We all stuck it out in the Arenal, forced to stay in bars and restaurants until daylight. Everyone was aware of the fire, you just needed to head down onto the sand and you could see it, but life went on exactly the same as it did the day before as the bars in the street all combined to become one street-sized bar of all ages and races.

The adults lined the street outside the bars and the kids headed off with a ball or two to tear each other up in the safe area. Every so often, a stray ball and a broken glass would have one or two of them sat on their naughty steps, but this was life, all part of the sounds of a small Spanish town, fire or no fire. The street seemed to have some sort of immunity.


In the end, the fire never got to the sea. The wind had changed, came in from the sea and blew it back to where it had just burned and it ran out of things to burn. The firefighters got on top of it and it was over.


Later that day, they opened the road. The closer I got to the house, the more I wondered if I'd put my giant clown feet in it and made a huge mistake with this moving to Spain thing. Driving up that hill, my house, and what little I'd got in it, would probably be consumed by fire.
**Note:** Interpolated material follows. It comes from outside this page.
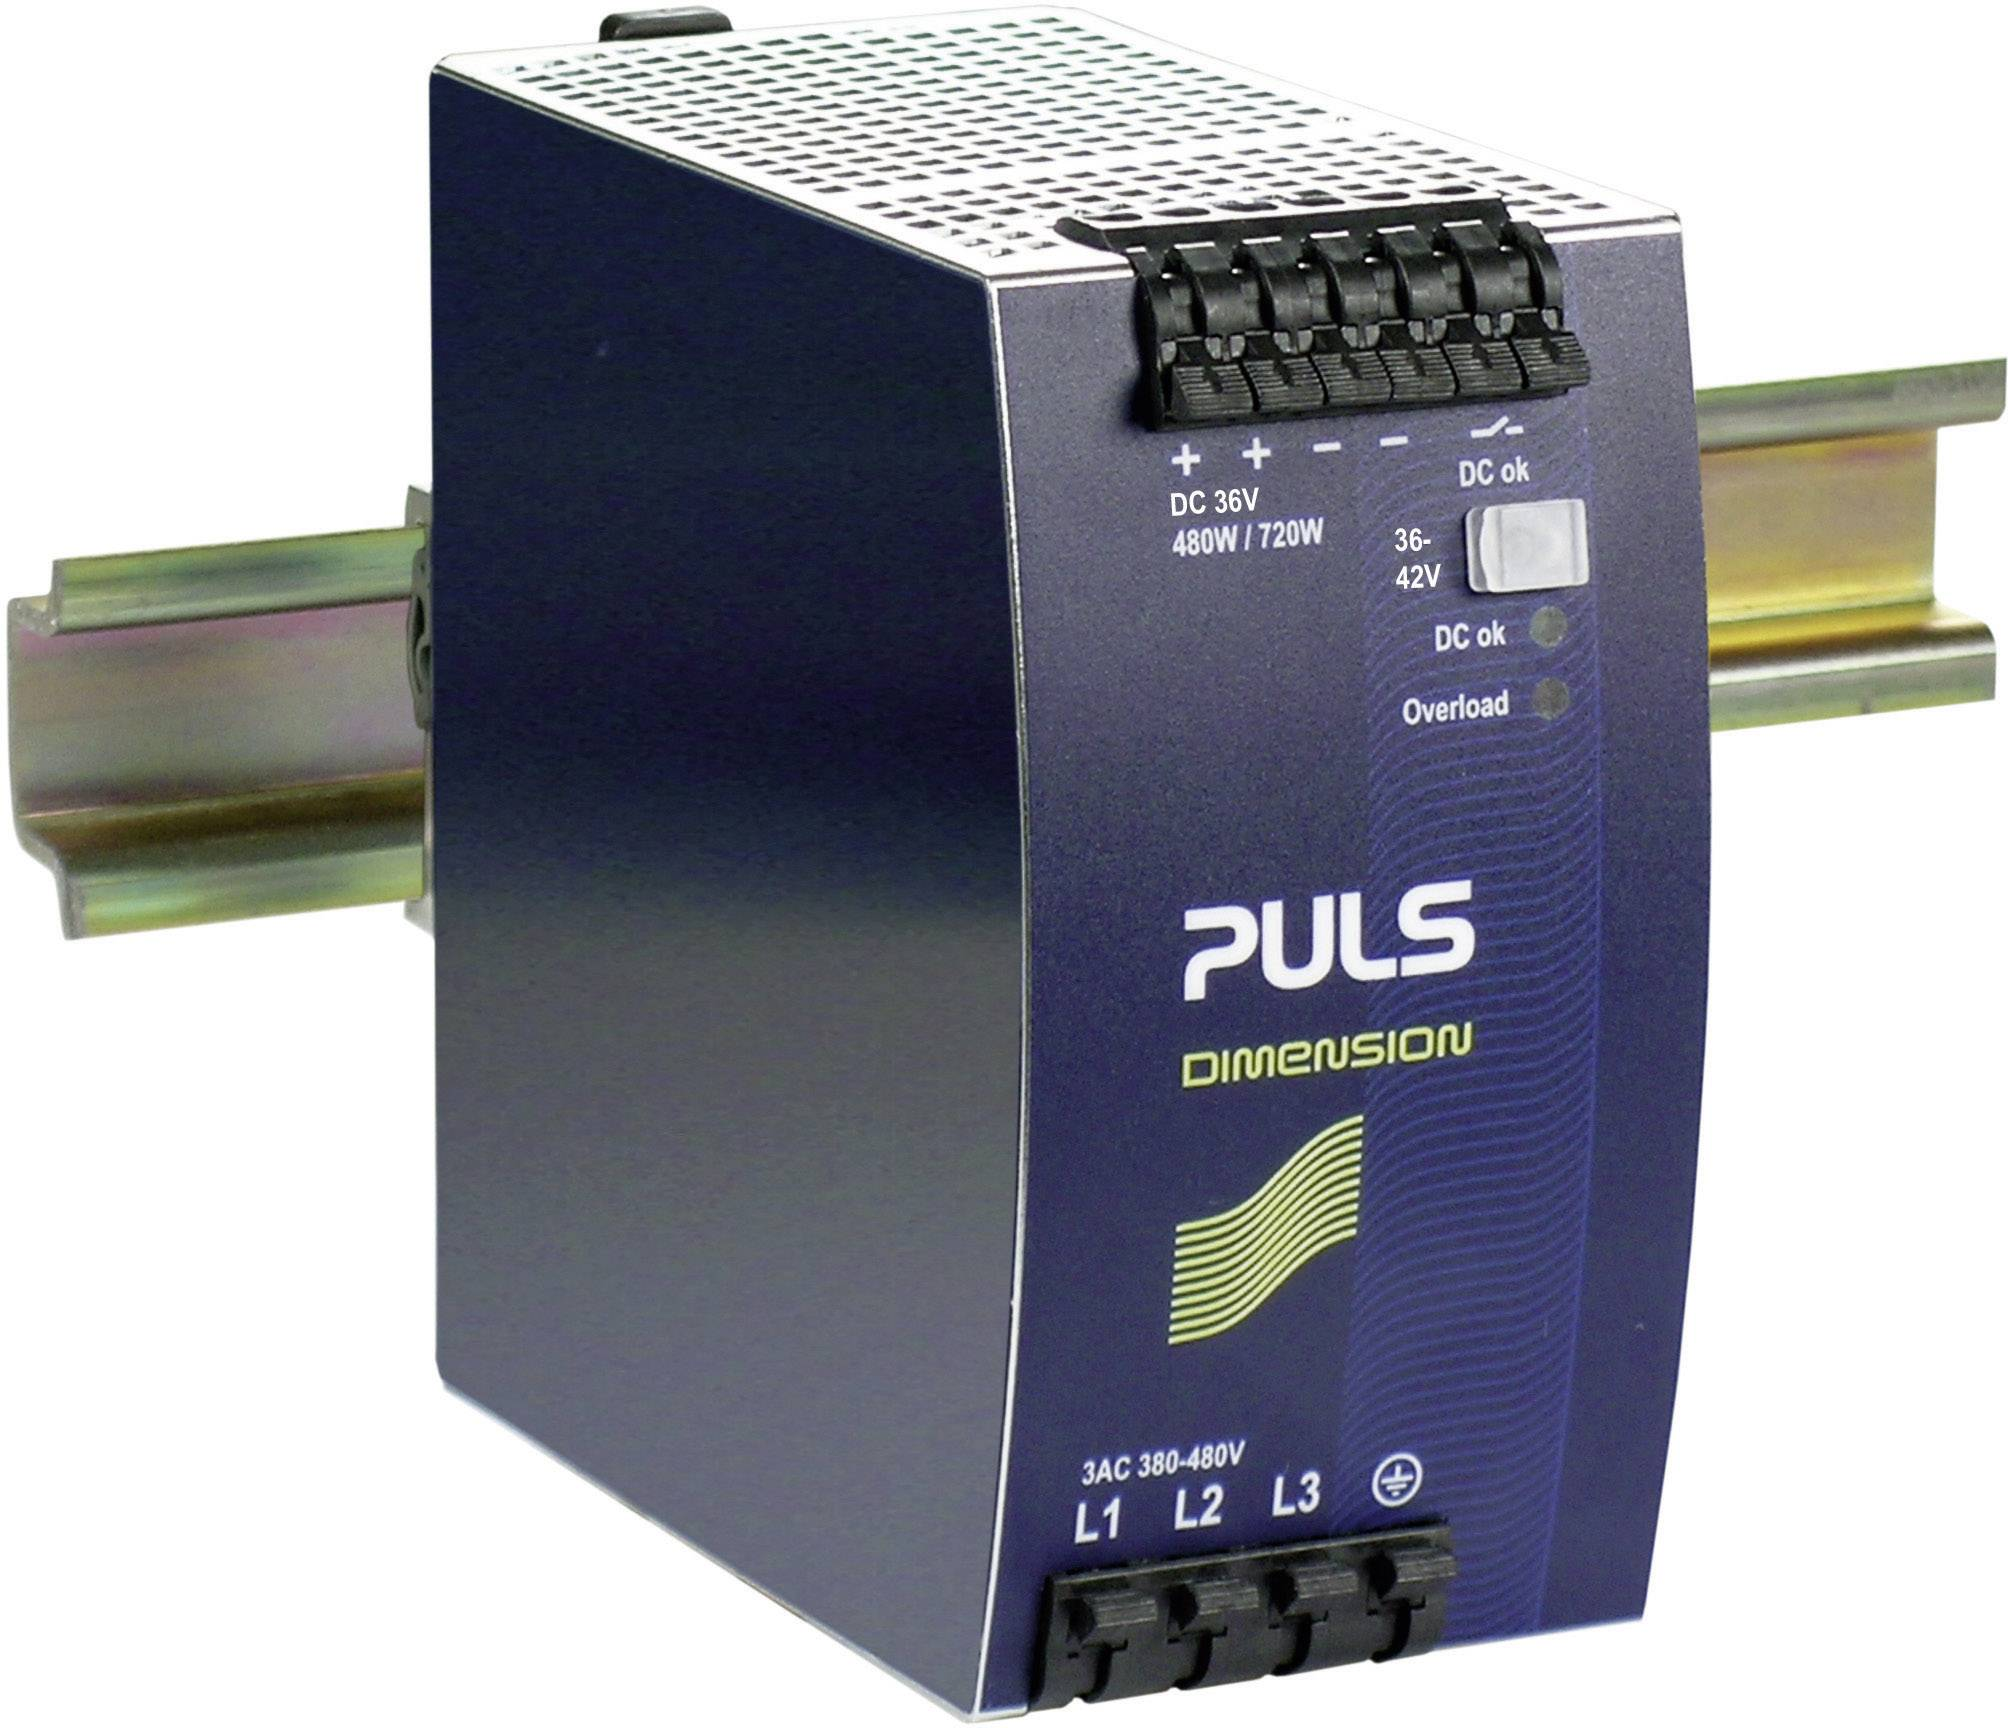 Sieťový zdroj na montážnu lištu (DIN lištu) PULS DIMENSION QT20.361, 1 x, 36 V/DC, 13.3 A, 480 W
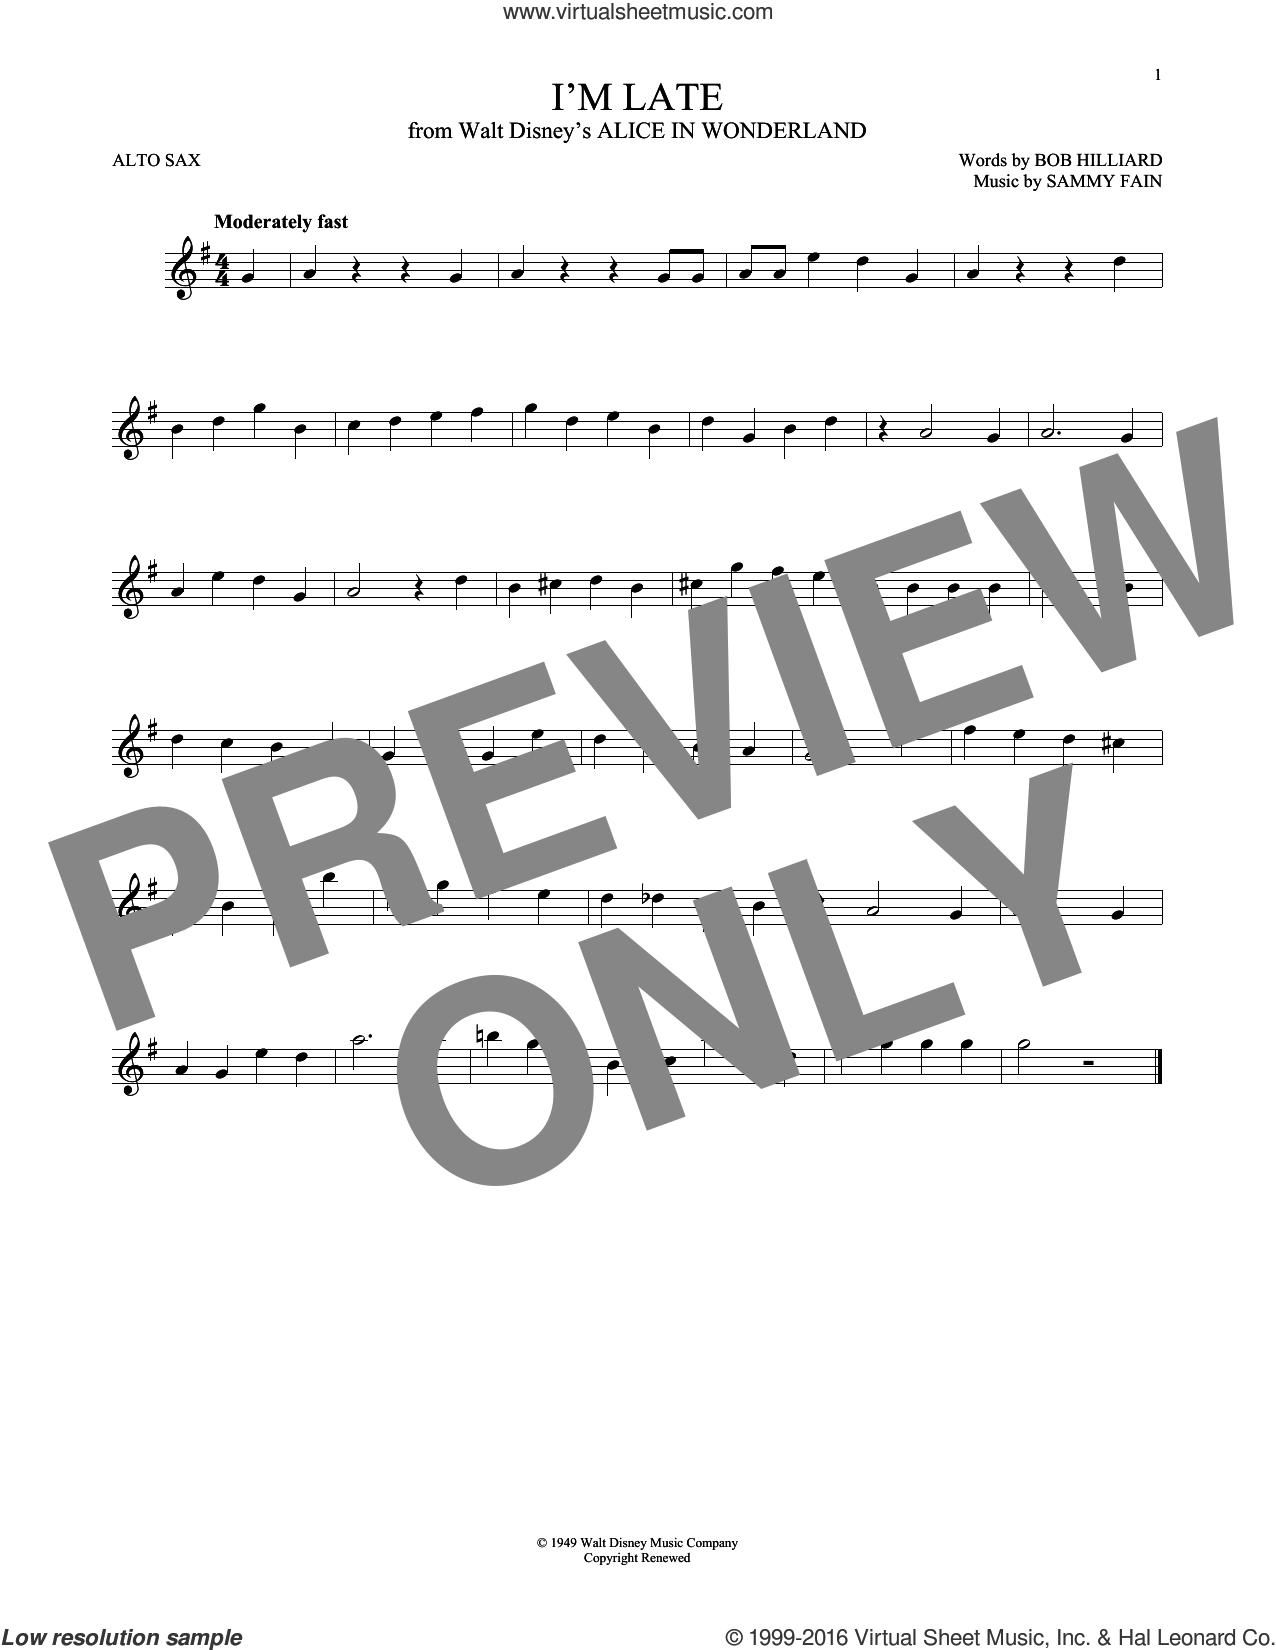 I'm Late sheet music for alto saxophone solo by Sammy Fain and Bob Hilliard, intermediate skill level

I turned into Le Siset. There was still a fair bit of smoke and I got a bad feeling. Was I about to open the scolding hot gate to reveal a crispy abode? But the closer I got, the more I knew none of it was coming from my house. The house was fine. Maybe it was immune, just like the street earlier. I had half a swimming pool left but Miguel had already stuck the hose in it. The filter's going to be put through its paces, he said.


There was a carpet of ash everywhere and the smell more than lingered, but the fire had been stopped and no-one had died.


Tomorrow, possibly with a big sigh of relief and a silent prayer for the fire crews, Javea would continue being busy and buzzy, fruity and so much fun. There was probably a festival starting any time soon. You know something is up with a peaceful world when the police start blocking bits of town off. There normally follows a battery of random explosions as some fabulous saint is processed through the streets on a trailer, robes and candles lining the roadsides. With or without a fire, Javea has the most festivals in Spain and Spain has the most festivals in Europe.


It was going to get noisy and thank the saints we were all still here.